Toddlers are encouraged to drink milk for that all important calcium. Every 100 ml of cow's milk has 122 milligrams of calcium, but when we looked at the toddler milks, they don't provide as much, with SMA as low as 78mg. In addition, the recommended daily servings of toddler milks are all higher in lactose, naturally occurring sugar, than cow's milk. Cow's milk has 14.1g. SMA is the highest again with 37g. Higher sugars aren't good for children's teeth either. Cow & Gate and SMA even have vanilla flavouring making the drinks taste even sweeter.
We asked all the brands we tested to give us their response. They point out that their products are a convenient and popular option - helping parents ensure children are getting the nutrients they need. They all say that price is not a fair comparison, and that their products all contain the required daily vitamins.
Nestle who make SMA say it's misleading to compare the price with cow's milk as they're not comparable products and children would need to take multivitamins with cow's milk to achieve the same level of nutrition. They all say their product provides more iron than cow's milk and that's important as 30% or small children may not have enough iron in their diet. They acknowledge that their products do have higher levels of sugar than cow's milk. But they point out that their product contains less protein - which they say is a good thing because high levels of protein is now being linked to childhood obesity. They don't deny that the formula is lower in calcuim, but they say that the Vitamin D in toddler milk helps children absorb the mineral.

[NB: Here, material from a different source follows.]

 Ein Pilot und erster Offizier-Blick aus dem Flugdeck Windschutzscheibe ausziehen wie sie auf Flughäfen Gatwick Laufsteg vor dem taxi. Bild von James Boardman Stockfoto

Cow & Gate and Aptamil told us they pride themselves on offering the very best nutrition products tailored to meet the needs of children and Mums, as well as complying with strict legal standards. They say “The product’s price reflects its more complex nutritional make-up, in comparison with ordinary cows’ milk. Your figures do not take account of the cost of the vitamin supplements that are needed by children under 5 on cows’ milk, nor the typical milk purchasing pattern of families with young children….Our powder product thus compares favourably in price against cows’ milk plus multivitamins…our toddler milks do not contain any added sugar; they contain 100% lactose, the sugar naturally found in cows’ milk….Toddler milks contain less fat (and specifically less saturated fat) than cows’ milk... Toddler milks also contain around half the amount of protein than cows’ milk; and there is emerging evidence to support a reduction of protein in young children’s diets to prevent childhood obesity.

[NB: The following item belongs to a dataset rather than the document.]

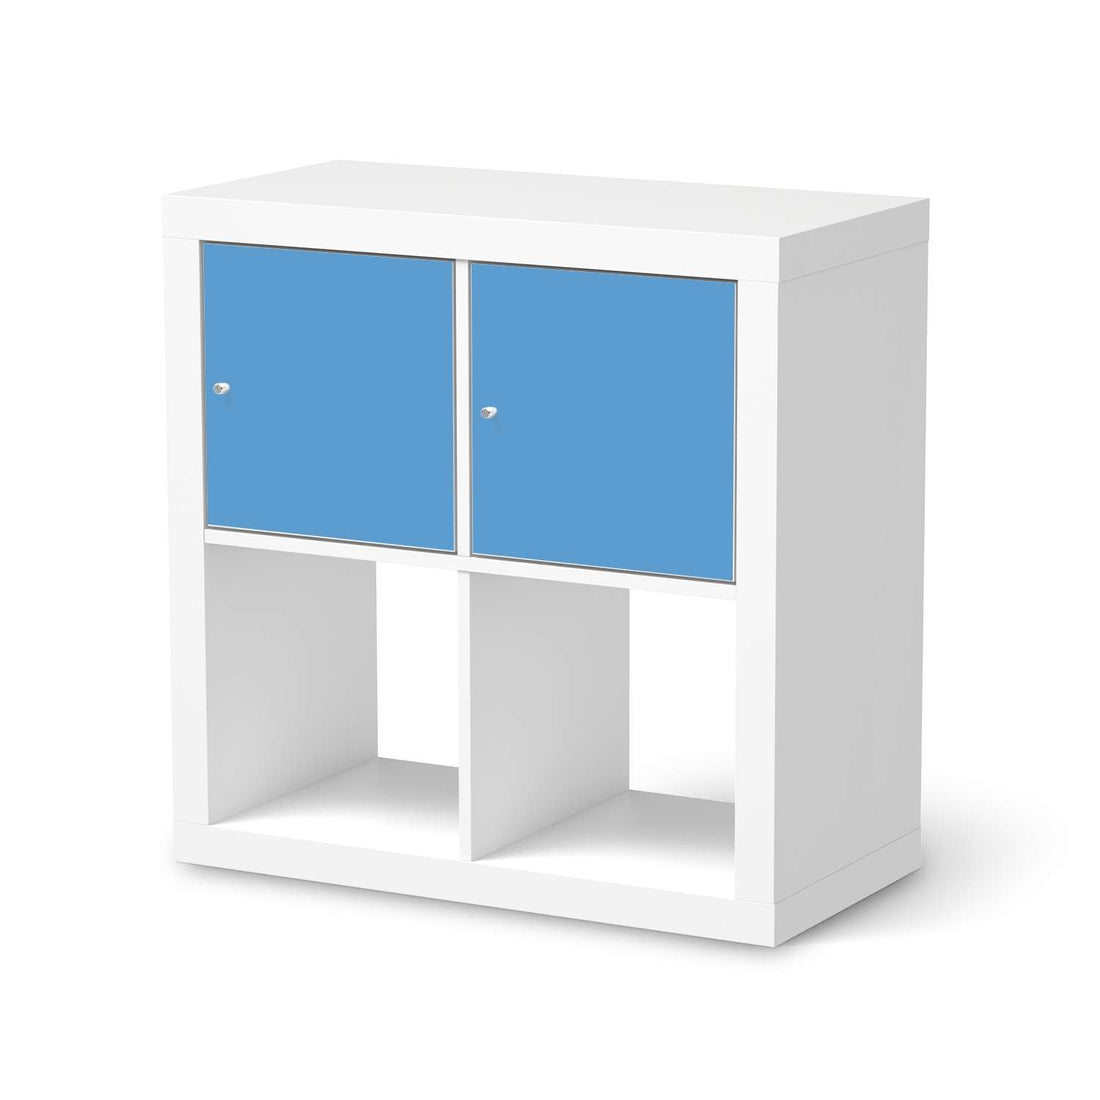 Möbel Klebefolie Blau Light - IKEA Expedit Regal 2 Türen Quer  - weiss

In a statement HiPP Organic told us that growing up milks can have a useful role to play in specific situations. The company statement says, “We believe that using growing up milks can help to increase intake of those other nutrients that are not so widely available in the UK diet, for example vitamin D and omega 3 fatty acids…. Cows’ milk contains less ‘sugar’ (lactose, which is milk sugar which occurs naturally in all cows’ milk products) than our growing up milk. This is because we have significantly reduced the protein and fat content compared to those in whole cows’ milk due to the evidence that a higher protein intake is linked to a higher risk of obesity… Our growing up milk contains less calcium that whole cows’ milk, but it is nonetheless a very useful source of calcium in the diet….We refer to growing up milk as being nutritionally superior to cows’ milk because it has higher levels of iron and other important vitamins and minerals such as vitamin D, which are an important part of the diet for children of this age.”